When the company started operation in 2011, it was the only online on-demand laundry and dry-cleaning service provider. However, a large number of companies entered into the online laundry services later. Quoting some reports, Balachandar said that around 65 start-ups emerged in this segment in the last 36 months and almost 40 are either closed or in the process of shutting shops now.
One of the reason for the failure of many of these companies was that they were operating on an aggregator model, by connecting various existing laundry outlets, which led to issues in timely delivery and other challenges. Many of them did not had operational expertise while they were good at developing technologies. The services were also heavily discounted, which made it difficult for them to operate, he added.

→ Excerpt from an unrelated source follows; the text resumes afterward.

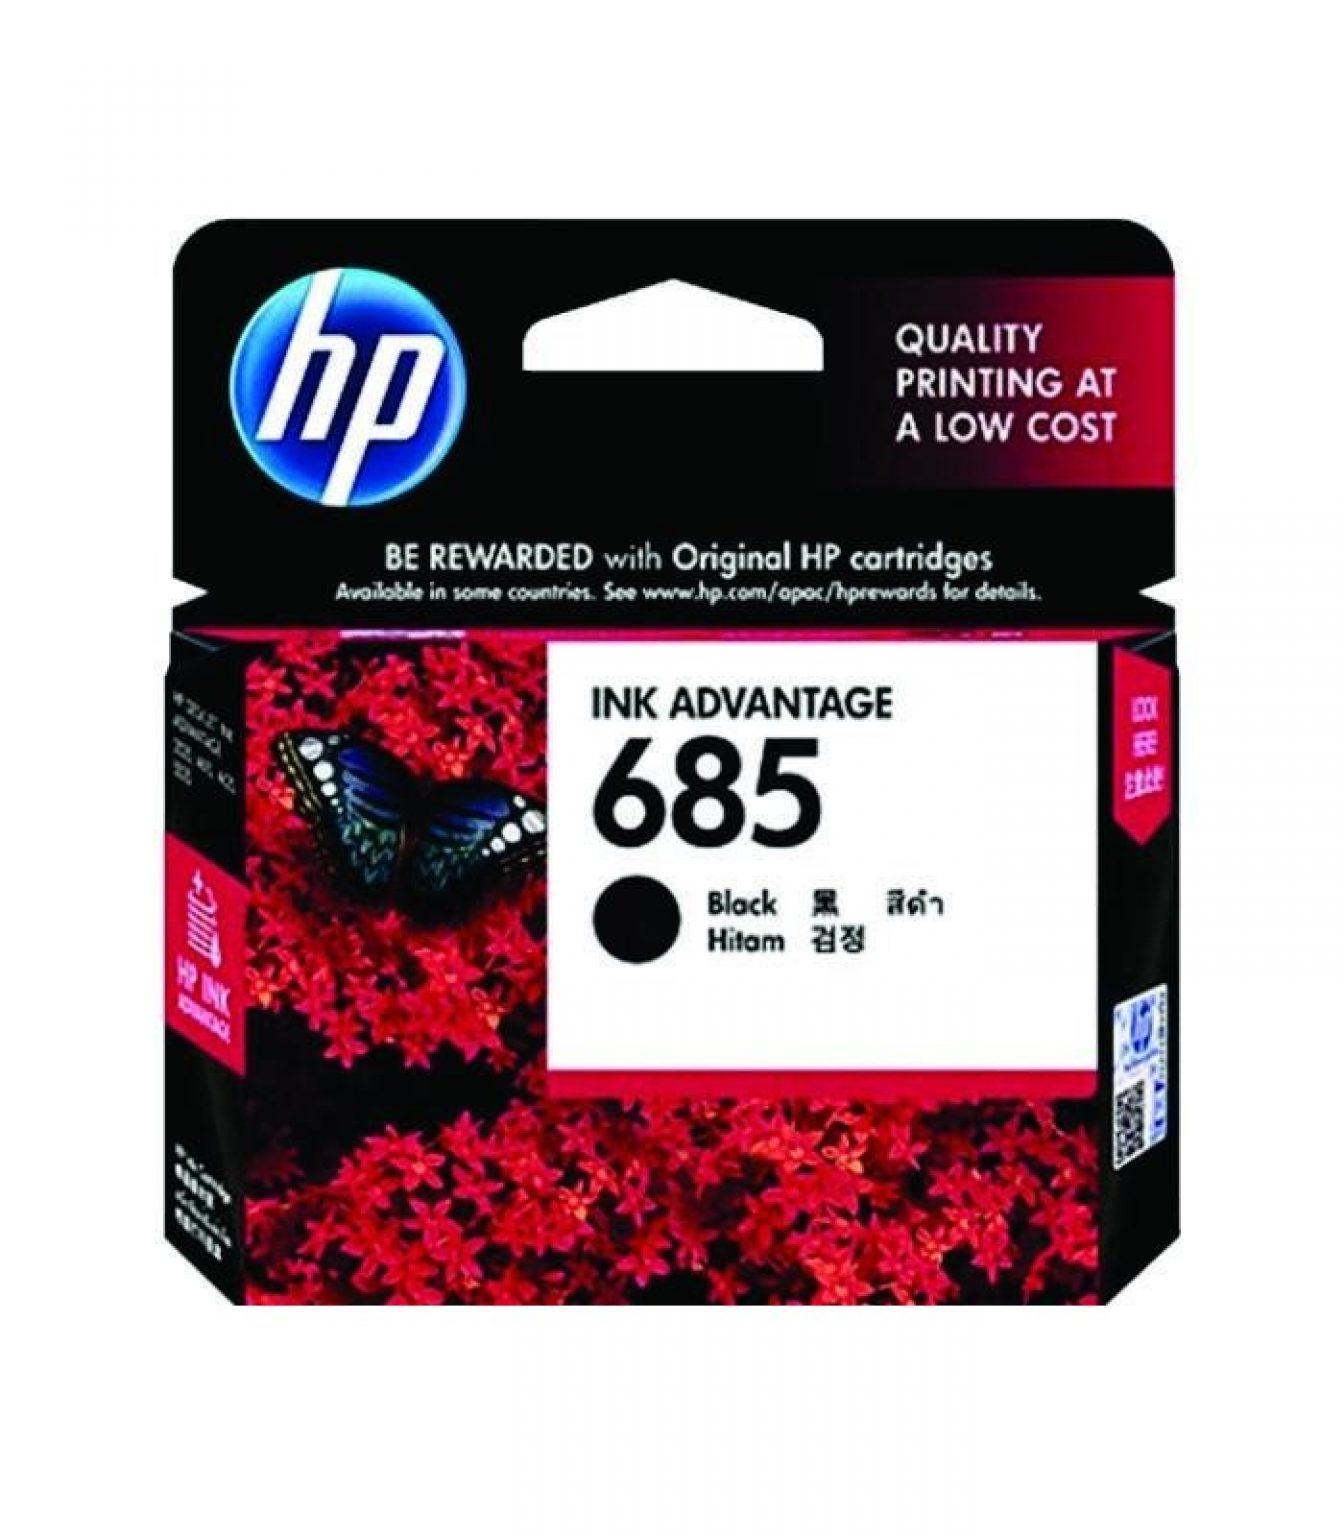 HP - 685 Black Ink Cartridge [CZ121AA]

Wassup, on the contrary, has operational expertise in the segment, and back-end capabilities with its own laundry and dry-clean facilities and it did not discount its services at any point of time. It has been charging Rs 50 a piece on average, while its rivals were offering services for Rs 20 a piece. Interestingly, some of the companies washed their orders in Wassup’s facility for Rs 50 and offered it to the customers at a discount of Rs 20 a piece, he said.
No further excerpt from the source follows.